Traceback (most recent call last):
  File "dgl/examples/pytorch/graphsage/node_classification_1.py", line 135, in <module>
    dataset = AsNodePredDataset(DglNodePropPredDataset('ogbn-papers100M'))
  File "/home/cc/ogb/ogb/nodeproppred/dataset_dgl.py", line 69, in __init__
    self.pre_process()
  File "/home/cc/ogb/ogb/nodeproppred/dataset_dgl.py", line 98, in pre_process
    if decide_download(url):
  File "/home/cc/ogb/ogb/utils/url.py", line 12, in decide_download
    d = ur.urlopen(url)
  File "/usr/lib/python3.8/urllib/request.py", line 222, in urlopen
    return opener.open(url, data, timeout)
  File "/usr/lib/python3.8/urllib/request.py", line 525, in open
    response = self._open(req, data)
  File "/usr/lib/python3.8/urllib/request.py", line 542, in _open
    result = self._call_chain(self.handle_open, protocol, protocol +
  File "/usr/lib/python3.8/urllib/request.py", line 502, in _call_chain
    result = func(*args)
  File "/usr/lib/python3.8/urllib/request.py", line 1383, in http_open
    return self.do_open(http.client.HTTPConnection, req)
  File "/usr/lib/python3.8/urllib/request.py", line 1357, in do_open
    raise URLError(err)
urllib.error.URLError: <urlopen error [Errno -2] Name or service not known>

I saw similar issues and followed the suggestion there to change the proxy but it did not work for me.

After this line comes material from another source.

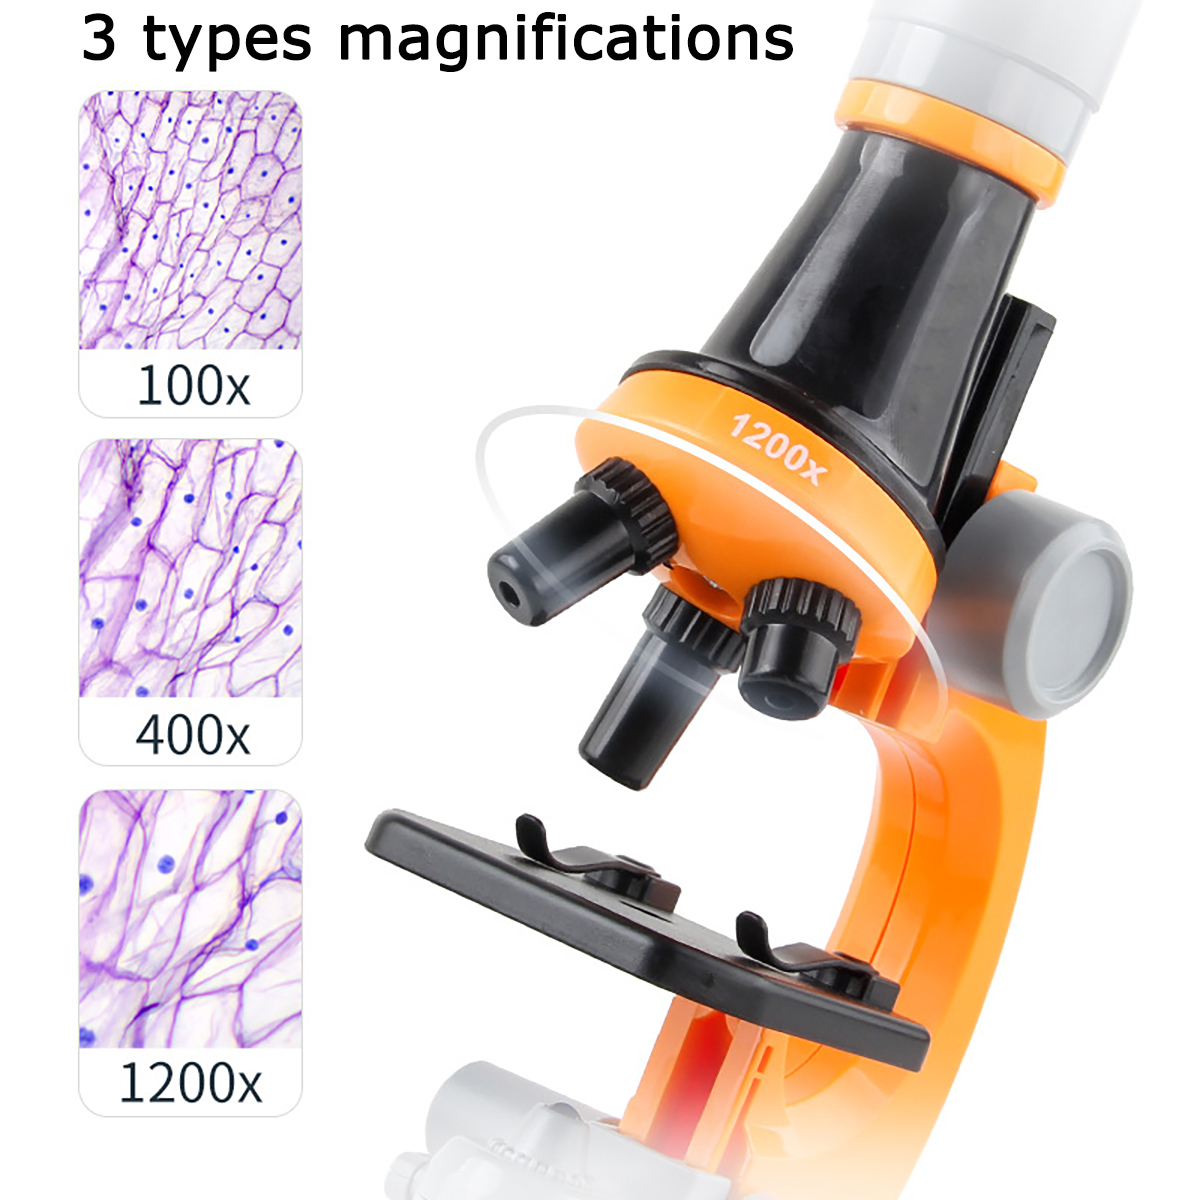 1200X-400X-100X-Magnification-Kids-Microscope-Children-Science-Educational-Toy-for-Science-Experimen-1854876-2

Using the mainland proxy gave me ConnectionRefusedError: [Errno 111] Connection refused; using the IP of the virtual machine or my physical IP gave urllib.error.URLError: <urlopen error [Errno 110] Connection timed out>. I am wondering how I can solve this. Thanks in advance!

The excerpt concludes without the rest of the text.